Minnesota Senate Democrats approve resolution condemning Trump’s pardons of Jan. 6 rioters
A politically divided Minnesota Senate passed a resolution Tuesday condemning President Donald Trump’s pardons of the participants in the Jan. 6, 2021, U.S. Capitol insurrection that sought to keep Trump in office.
The resolution, SR15, authored by Sen. Ron Latz, DFL-St. Louis Park, states that the Senate expresses “condemnation of President Trump’s pardon of criminal participants of the January 6 insurrection who had been found guilty of violent crimes.”
The resolution passed with all 34 Democrats voting yes and 22 Republicans voting no. The resolution will be sent to Trump, Minnesota Gov. Tim Walz, the secretary of the U.S. Senate and the clerk of the U.S. House. Republican Sen. Andrew Lang of Olivia said he was prohibited from voting on the resolution under the Uniform Code of Military Justice.

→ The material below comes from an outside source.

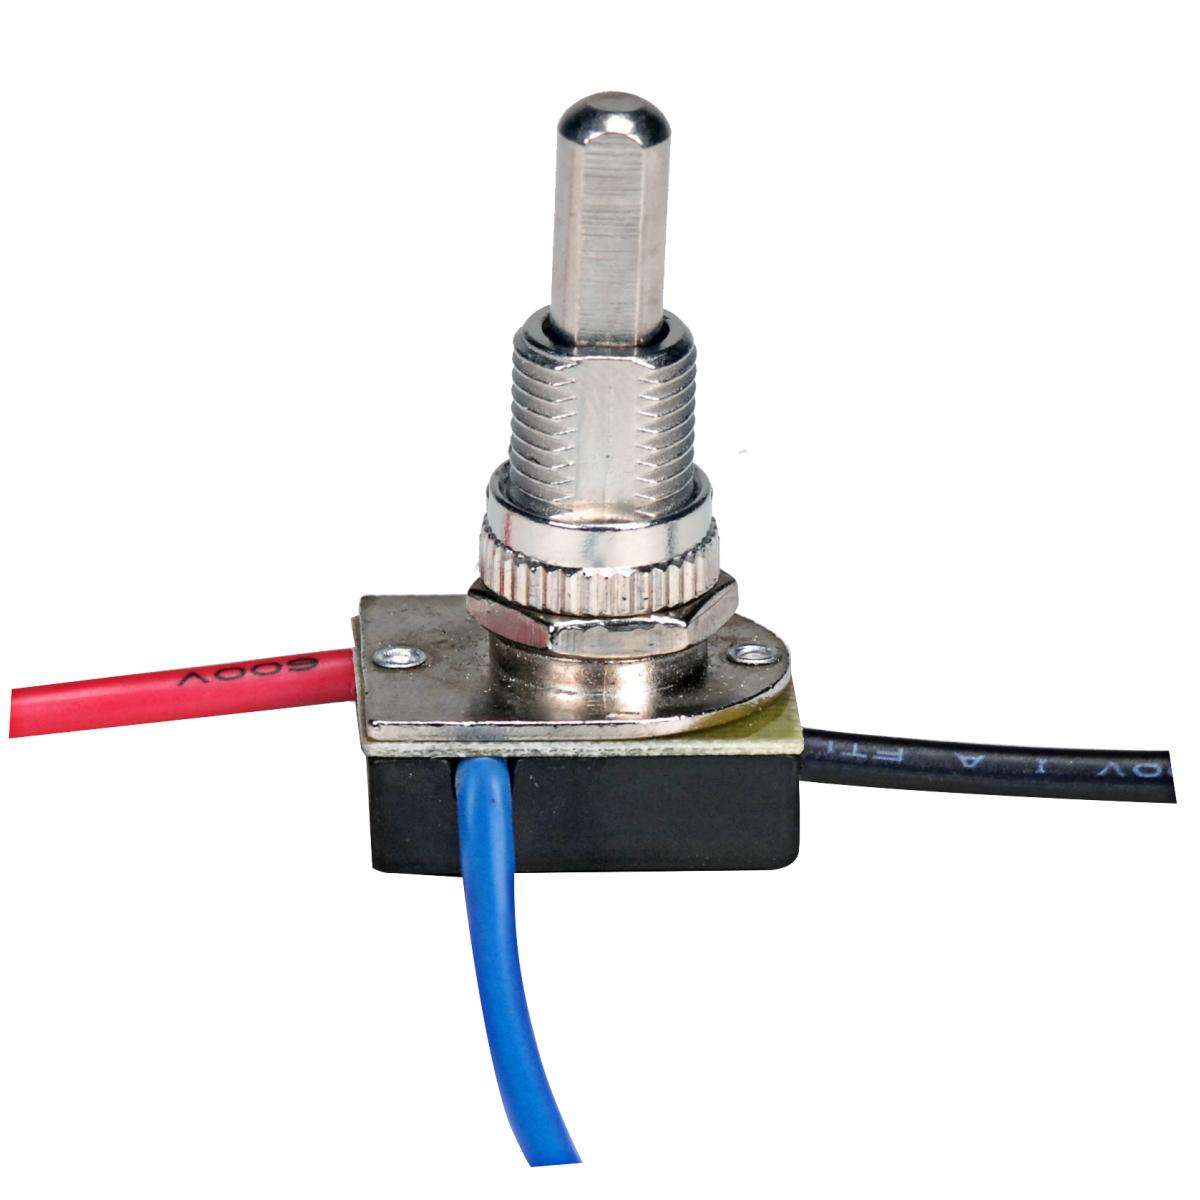 Satco 80-1131 3-Way Metal Push Switch 5/8" Metal Bushing 2 Circuit 4 Position (L-1, L-2, L1-2, Off) 6A-125V, 3A-250V Rating Nickel Finish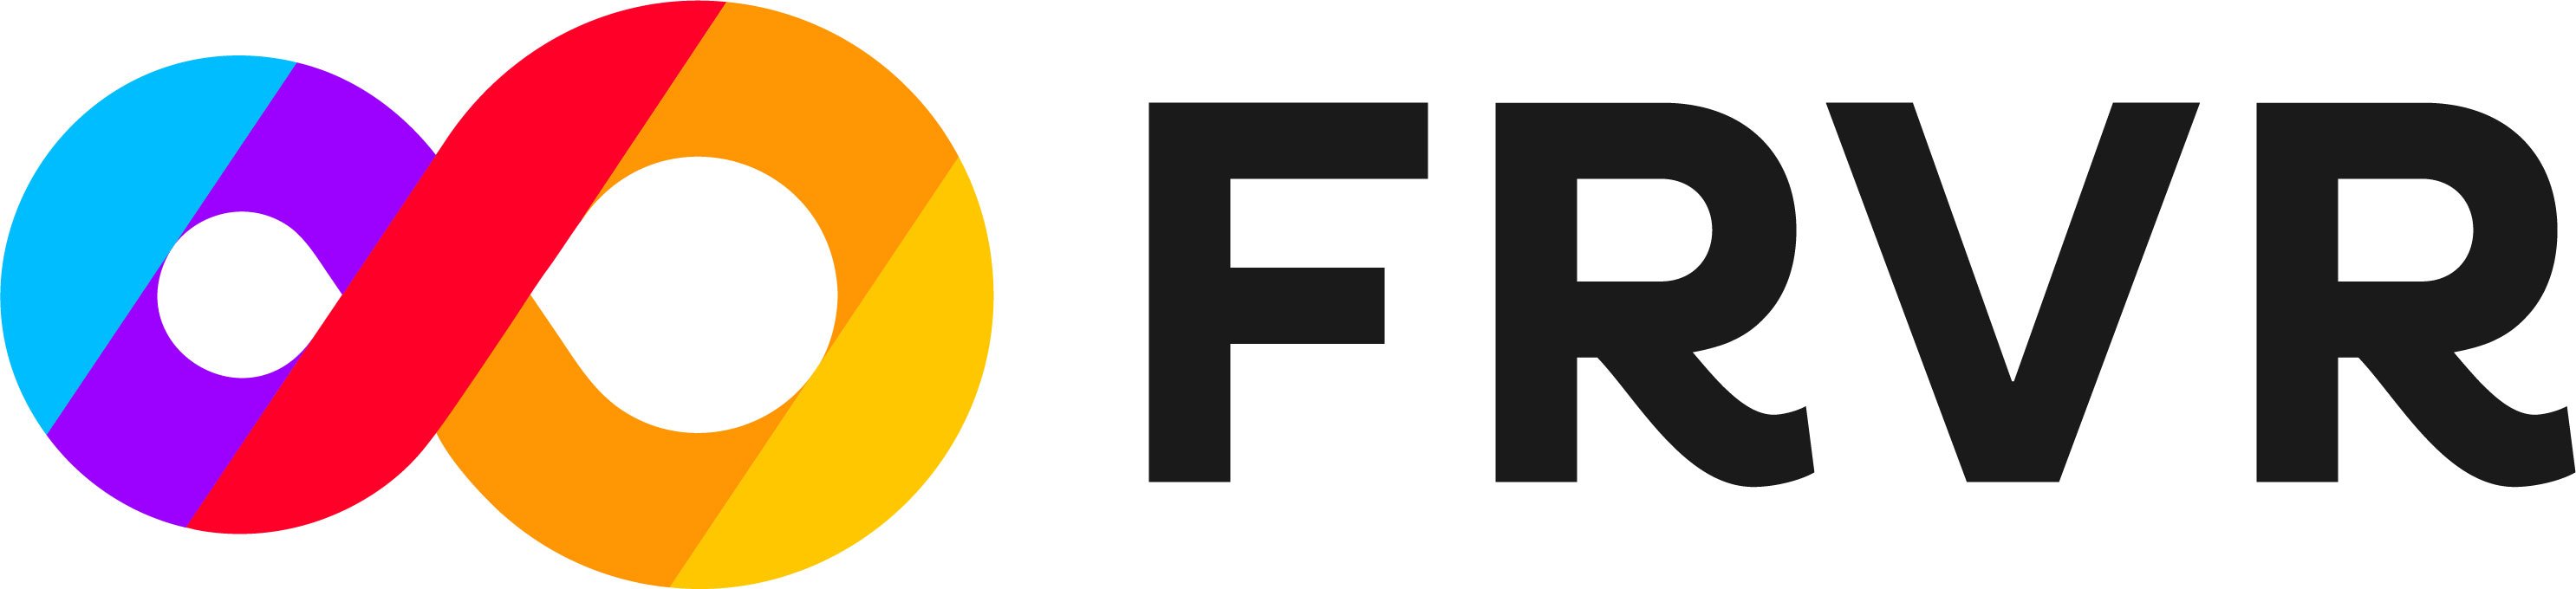 Frvr logo rgb

On Jan. 20, the day he began his second term in the White House, Trump issued a proclamation to commute the sentences of 14 individuals and pardon “all other individuals convicted of offenses” related to the Jan. 6 Capitol assault that Trump summoned as Congress met to certify President Joe Biden’s November 2020 election. Roughly 1,600 people were charged in the insurrection, and 1,300 of those were convicted.
Latz said during March 27 debate on the resolution that the pardons by Trump served as a “green light” for violent attacks on police officers, elected officials and “our democracy.” Some 140 law enforcement officers were injured on Jan. 6.
“I, of course, condemn what happened on Jan. 6,” Sen. Michael Kreun, R-Blaine, said on the floor Tuesday. “I think all reasonable people of good will condemn what happened on Jan. 6. And I don’t believe that everybody that participated in that should have been pardoned. But there’s a bigger discussion here.”
Kreun said he doesn’t believe the state Senate is the appropriate place to vote on “abuse of power” in Washington and that the chamber should focus on state-level issues, but that if the Senate is to discuss pardons, Trump’s shouldn’t be the only ones. Kruen said the Senate should also condemn Biden’s pardons, particularly those for his family members, whom he pardoned during his final hours in office.
“Remember the storming of the Capitol? That was un-American, that was anti-democracy, and I’m glad that we’ve reached that consensus,” Latz said on the floor Tuesday. “I also heard my GOP colleagues here today say that the pardon was not a good idea, President Trump’s pardon. They tried to broaden the conversation here and bring in all sorts of other Washington, D.C., conduct, but that’s not what this resolution talks about.”